We perform appearance stitching at transitions where adjacent points on the object get their appearance candidates from multiple symmetry planes. The idea of the stitching is to select the smoothest possible transition—that is, the two appearance candidates (out of potentially several dozen) that look as much alike as possible. We perform this choice of transition using a process called graph inference. The software sets up a graph that links appearance candidates, and uses a variant of the shortest-distance algorithm to compute the path with the smallest sum of distances between appearance candidates. For parts of the object that lack exact or approximate symmetries, such as the underside of the taxi as shown on the above, our software stitches in the appearance directly from the 3D model.

Twists and Turns

Once the software completes the appearance, the system is ready for object manipulation. Our system has re-imagined traditional 2D photo-editing operations as manipulations in 3D, such as rotations, translations, object deformations, and 3D copy-paste. As shown on the opposite page, users can now manipulate objects to create traffic jams with flipped cars, or they can suspend fruit in mid-air. If users desire, they even have control over changing the identity of their objects—for instance, they can transform a top hat into a magician’s hat.
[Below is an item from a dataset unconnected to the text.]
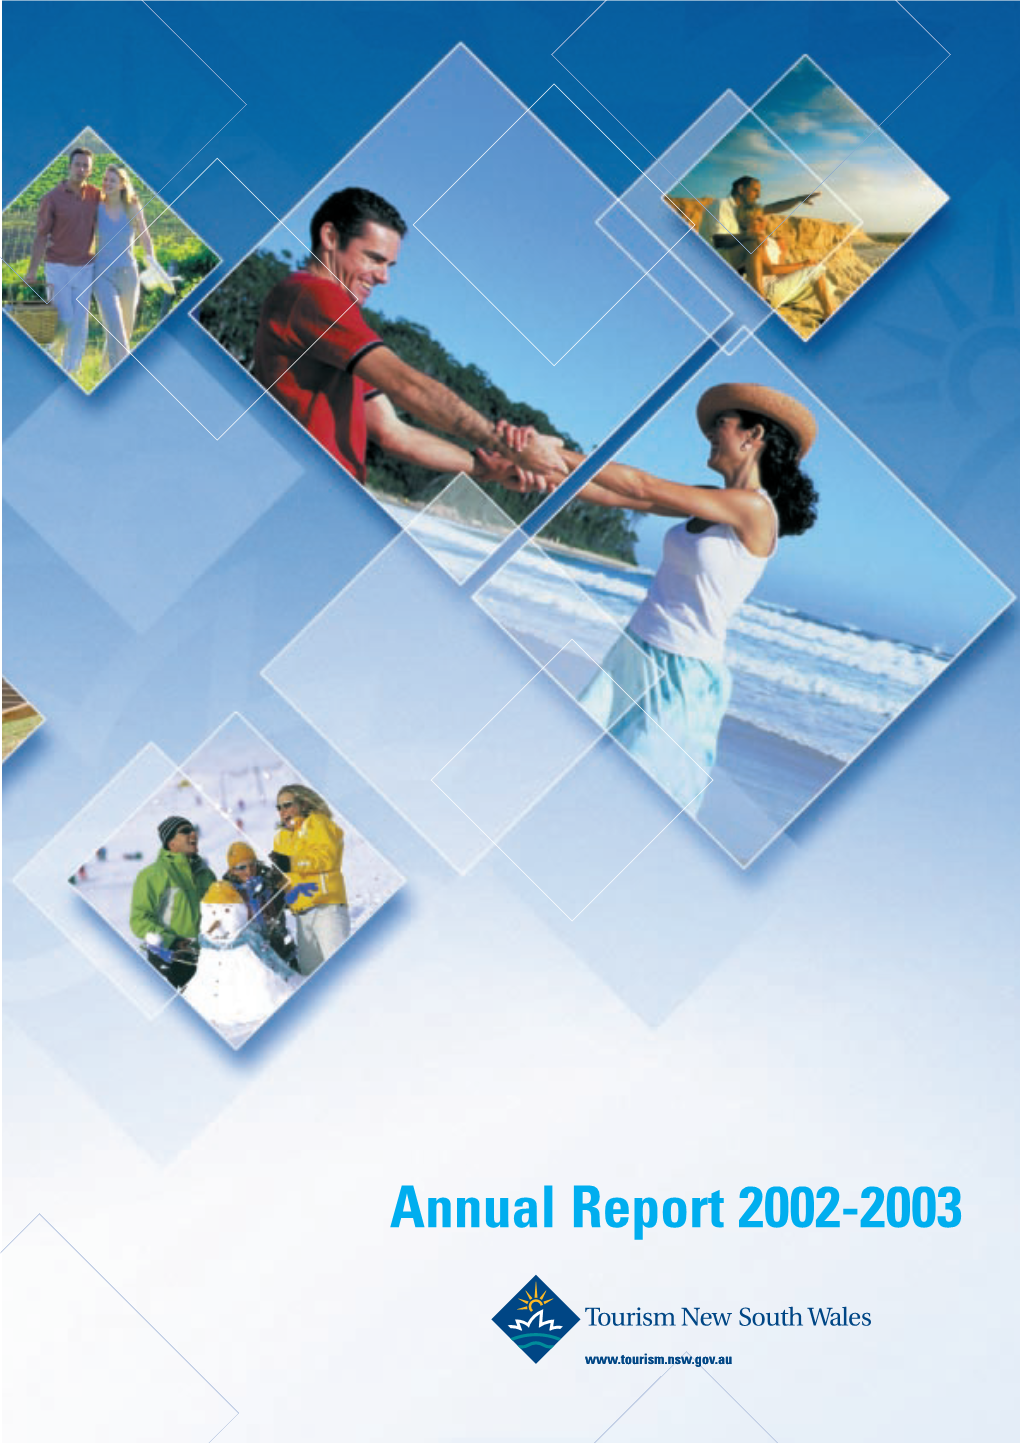 Annual Report 2002-2003 Letter of Transmission Contents

Users can also manipulate objects in non-photorealistic media such as paintings, or in historical photographs of scenes or objects that no longer exist and thus cannot be accessed.

By providing a 3D representation of scenes, our software has allowed everyday users to explore their creativity by tying photographs to 3D modeling software to produce animations, such as the flying crane (above). We also foresee that tying object manipulation to 3D modeling software opens up interesting applications. For instance, we see possibilities in photorealistic accident or crime scene simulations. The software could also help in furniture design and rearrangement for home staging. It could even be useful in organ reconstruction for surgery. And with the rising prevalence of rapid prototyping, the software could help consumers direct construction or 3D printing of everyday objects from photographs.